# Another New Resource - Interactive Maps!



## theTurtleRoom (Jul 29, 2014)

Another new resource from the team at theTurtleRoom. Make sure you check out these interactive maps showing native species!

http://theturtleroom.com/education/native-species-maps/

With the introduction of this resource, we also want to announce the addition of Kévin Labille to our staff in the position of Educational Resource Developer. He and Steve worked together to bring you this neat new resource.


----------



## Yvonne G (Jul 29, 2014)

I love it!
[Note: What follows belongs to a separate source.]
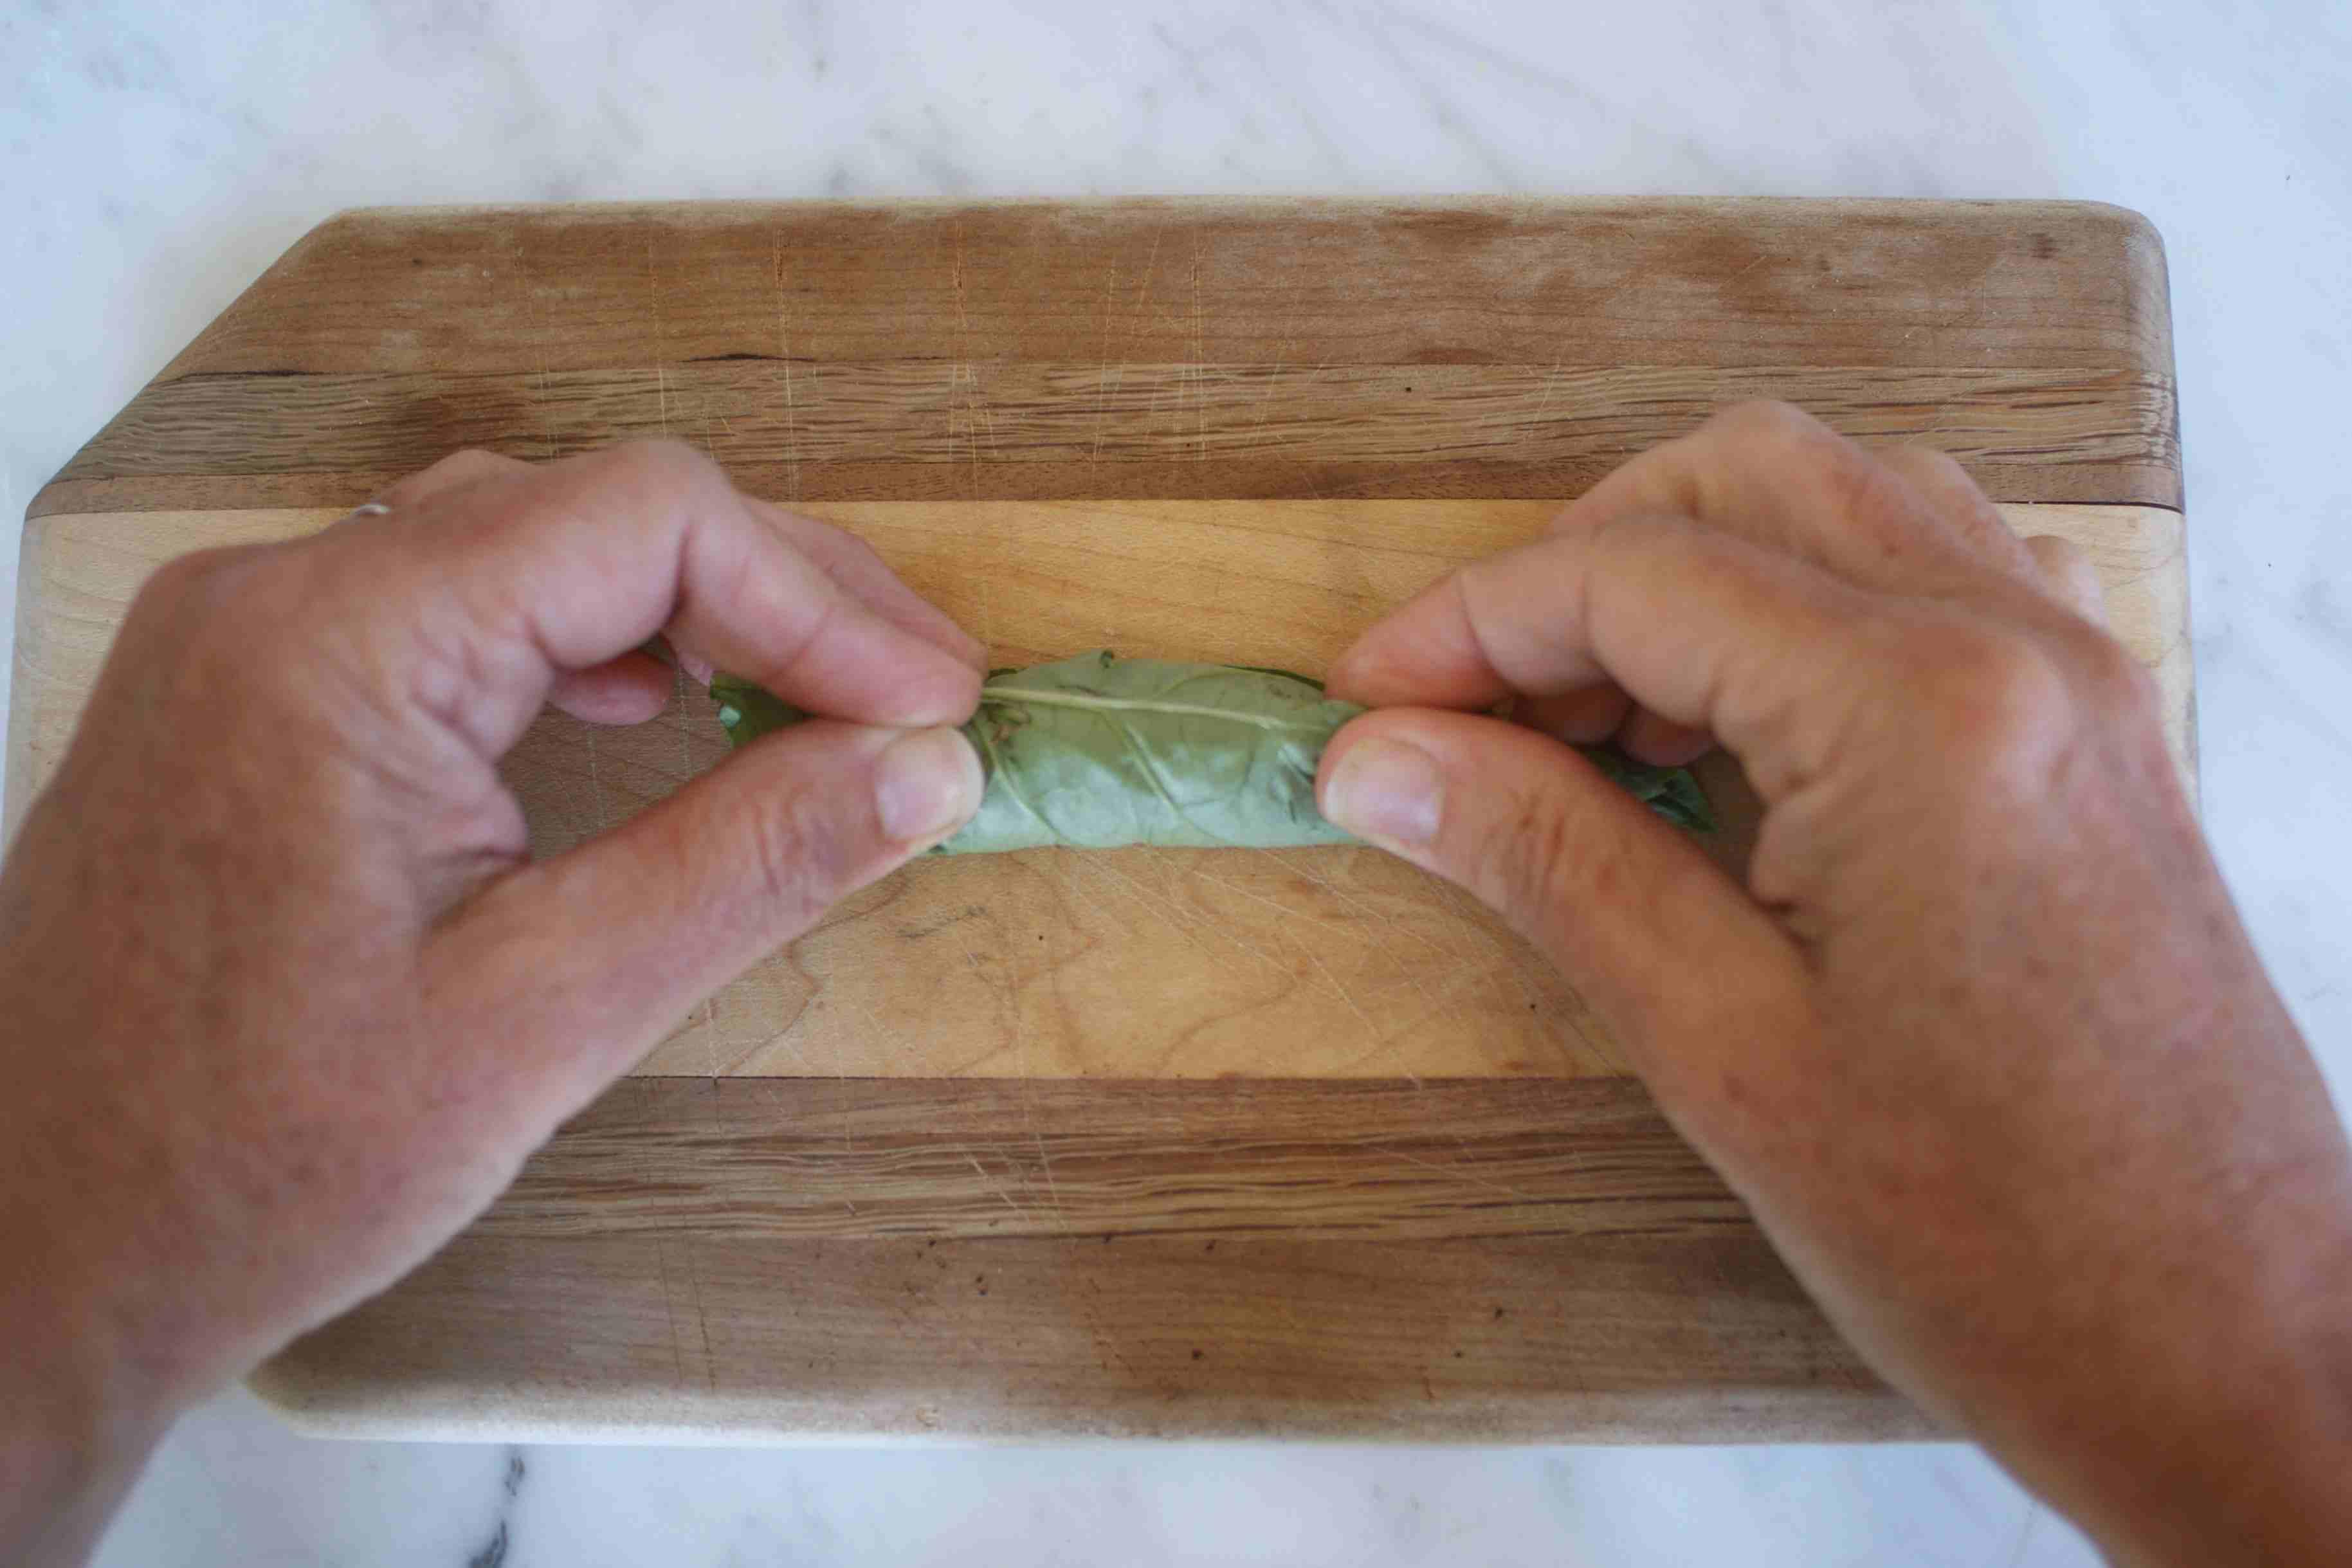 Preparing Basil to Chiffonade

Those darned RES are everywhere!!!


----------



## theTurtleRoom (Jul 29, 2014)

Thanks, Yvonne! Been a fun project to work on!

- Steve


----------



## naturalman91 (Jul 29, 2014)

i seen this on your facebook page and was checking it out. awesome!


----------



## Anthony P (Aug 6, 2014)

Thanks everyone! 

Kudos to Steve and Kevin for creating this remarkable resource! They really outdid themselves with this..


----------



## tortadise (Aug 6, 2014)

Looks good so far guys. However Kinixys zombensis is misspelled. Same with zombensis Domergyuei in Malagasy.Also any idea on adding the sub species of homopus in South Africa? I noticed the sub species of psammobates were listed. I'd suggest maybe a sub bar.

Like this.

Homopus
Have it drop down and list each homopus
Then when you scroll over homopus (example) signatus is will show like signatus signatus or homopus signatus cafer etc...


Kinda hard to type out. But very awesome. I've had this idea for many years just never did it. Glad to see a great idea out into play. Awesome work guys.


----------



## Anthony P (Aug 8, 2014)

Thanks Kelly! I'm going to make sure Steve sees this and makes the corrections/revisions you've mentioned.


----------